Passengers (I) (2016)
3/10
Stolkholm Syndrome the Movie
17 February 2017
Warning: Spoilers
If you were a lady who woke-up out of cryo-sleep early on a big starship, and found the only other person around was a creepy white dude who has read all about you. What would be your natural reaction? Well the mostly male writers at Hollywood, having clearly never met a human female in real life, seem to think a woman in this situation would immediately assume the guy has nothing to hide and start screwing him.

She doesn't investigate, she doesn't try to wake-up anyone else. She doesn't try to find out why the pods malfunctioned. She doesn't check the other pods systematically to see if this guy is a serial killer who is waking-up and killing off female passengers. (which would actually be a more interesting plot.) Nope, she just hooks up with him like there is nothing weird or creepy at all about his situation.

And then when a robot tells her that the guy woke her up intentionally, what does she do? Keep it to herself, form a plan. Nope. Hollywood thinks that all women do is throw tantrums. Because apparently in this world women are not afraid at all of being stranded alone in space with a mentally unstable impulsive man. She isn't afraid at all that if he knows, she knows, he might do something even more insane.
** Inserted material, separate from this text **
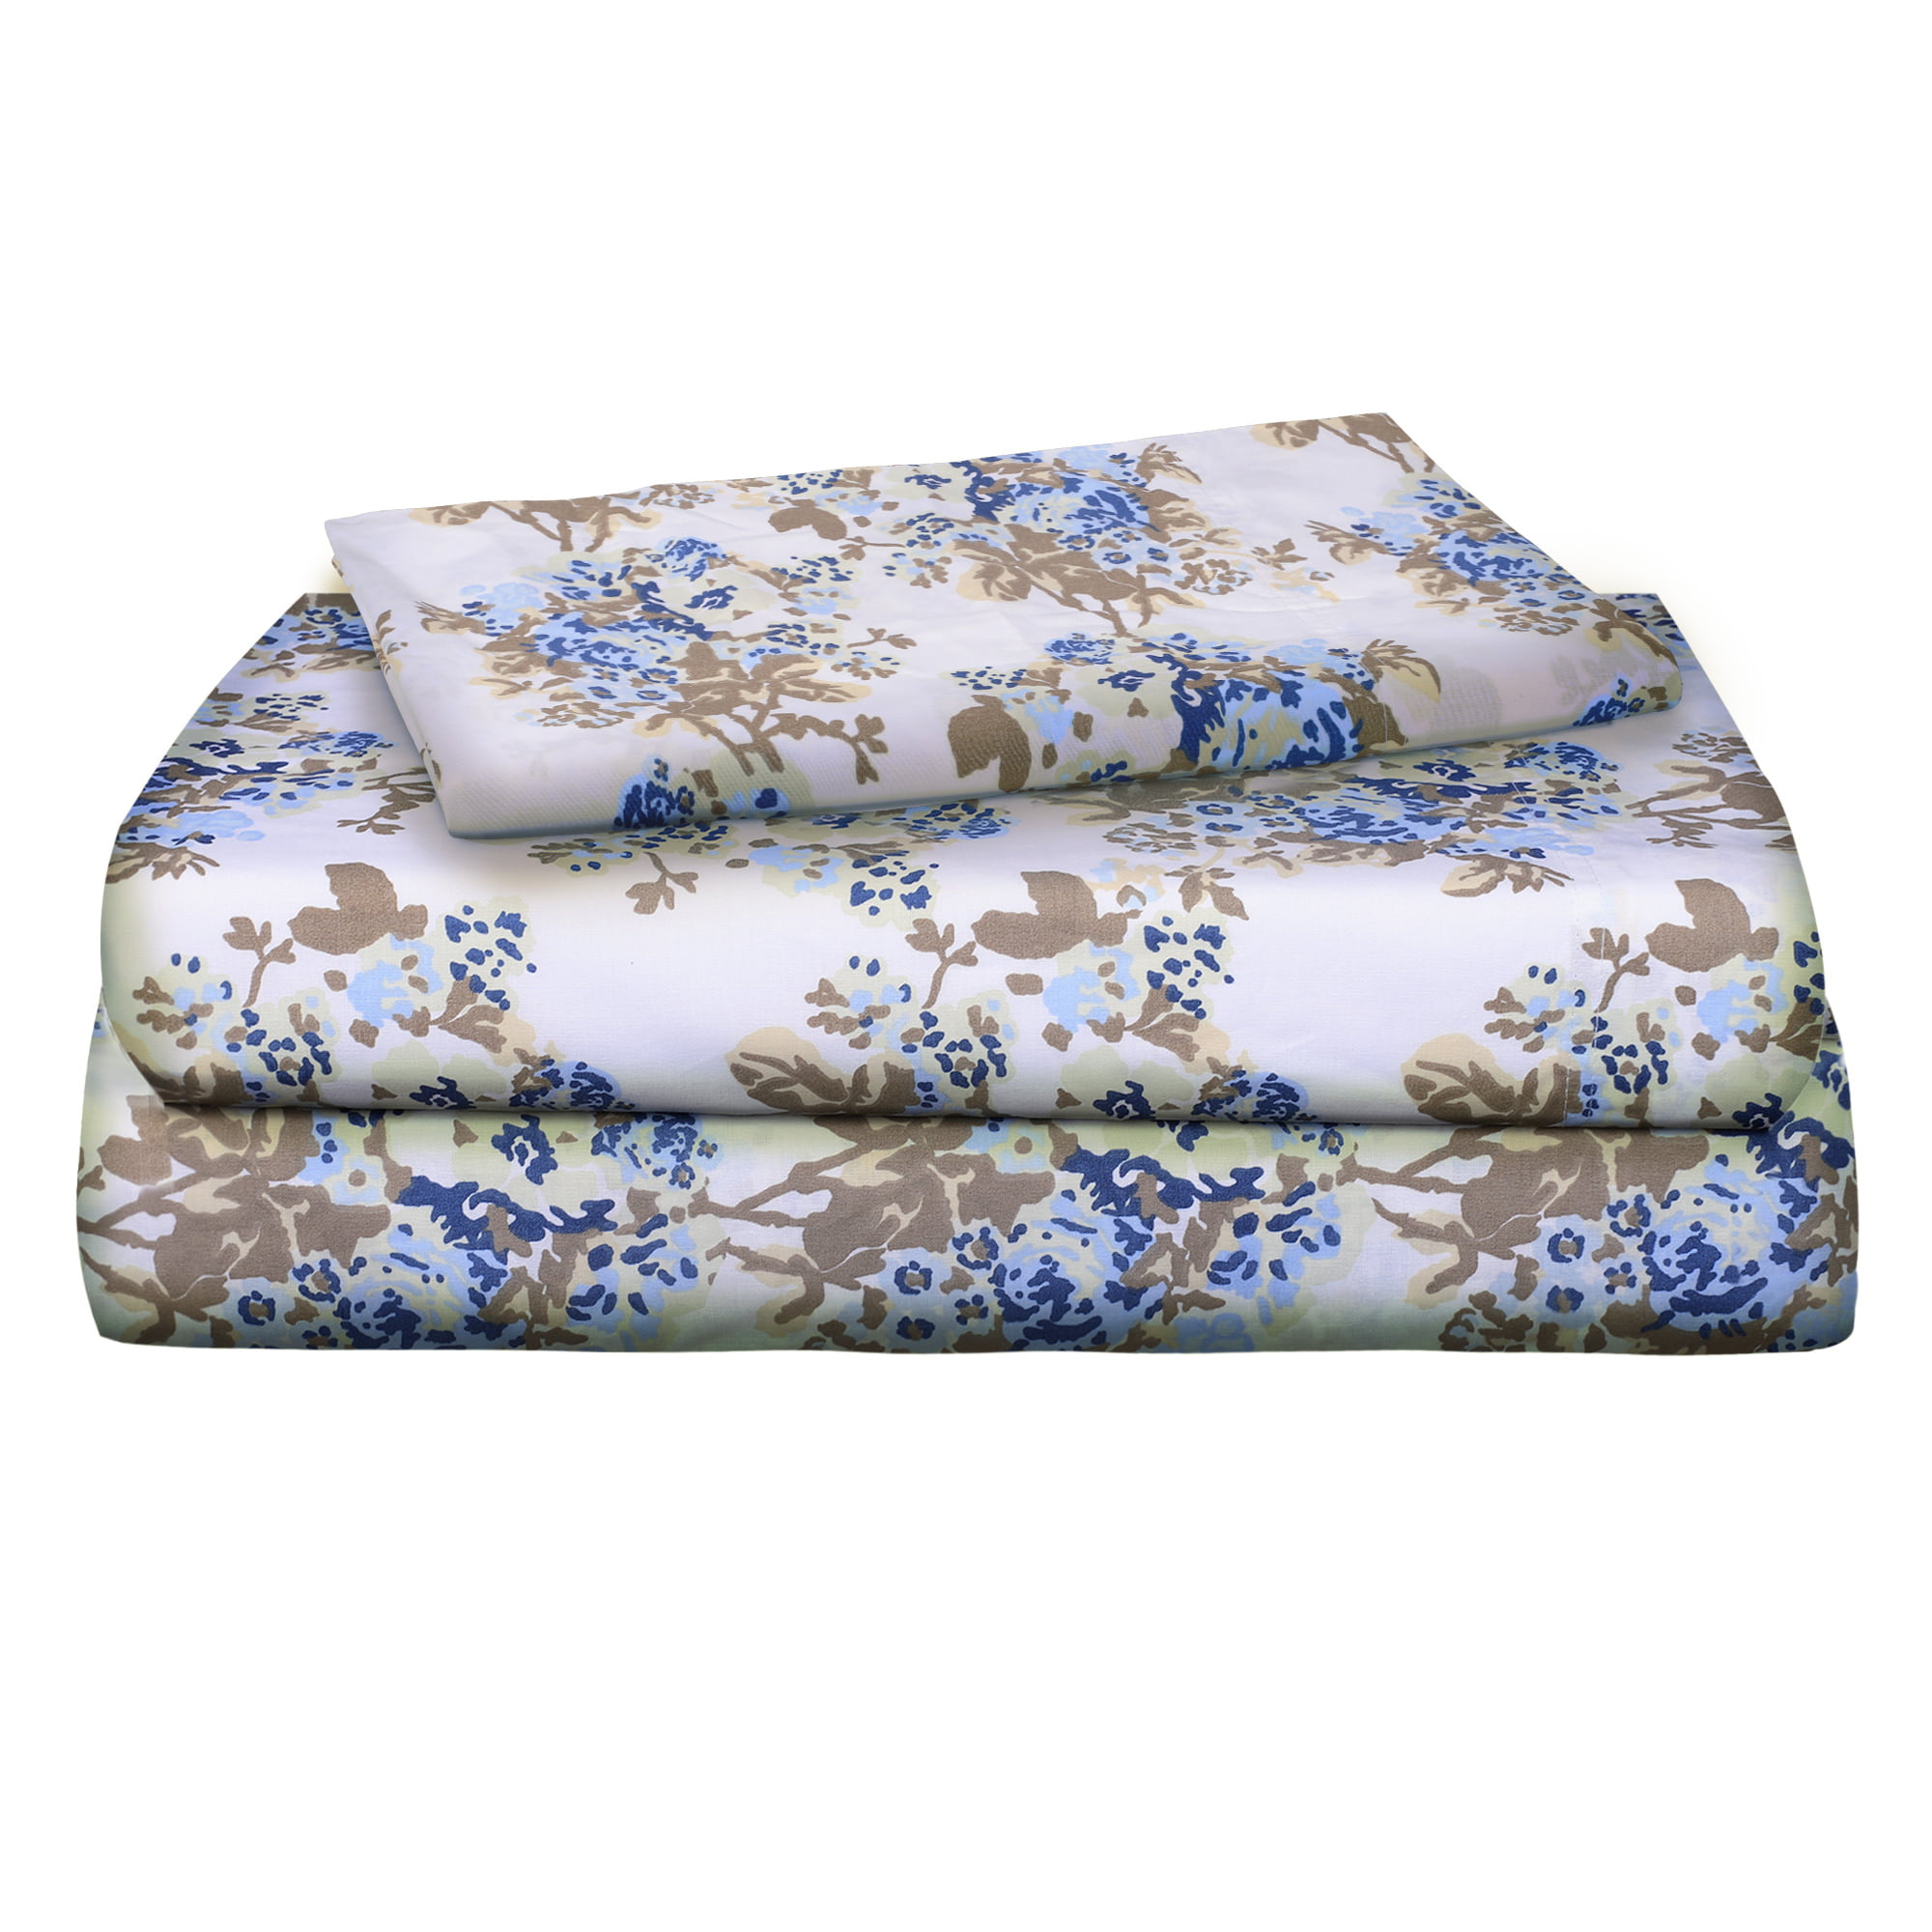 Cotton percale bedding

So of course while these dip-sticks have been prancing about playing with toys, instead of using their brains to investigate their problems, the ship starts to loose power. At this point, conveniently a commander who actually has some intelligence is brought out of cryo-sleep. (something the creepy-guy could have done at the start of the film if he had had even a tiny amount of perseverance to get the doors of the command deck open.) The commander is like, "why have you guys been messing about for two years while the ship is falling apart?". Then dies form cryo poisoning or some bull-dust.

At this point the creep and the dumb-blonde put their differences aside to mend the ship and save their asses. Which they somehow manage to do despite, zero technical training. I mean I'm assuming starships are a little more complex than just, switching it off and back on again right? Not in Hollywood they ain't.

Due to some minor tension when the guy has to open a vent, Blondie forgives him entirely for ruining her life and bounces back into his arms. They discover that a medical pod can put one of them back into cryo-sleep for the rest of the journey, thus saving them from a life of loneliness. At this point we are expected to believe that the crazy creepy guy, who just risked everything to save his own skin,(he wasn't doing it for the 5000 passengers that's for sure) gives up the pod to Blondie.

Now this is the only part of the film that is plausible. Blondie refuses to go into cryo-sleep, which is 100% in-line with her character of a person who makes really poor decisions based entirely on emotion. (Any other person would have vented the creep out of an airlock, and enjoyed a nice fat book deal at the end of their cryo-sleep.)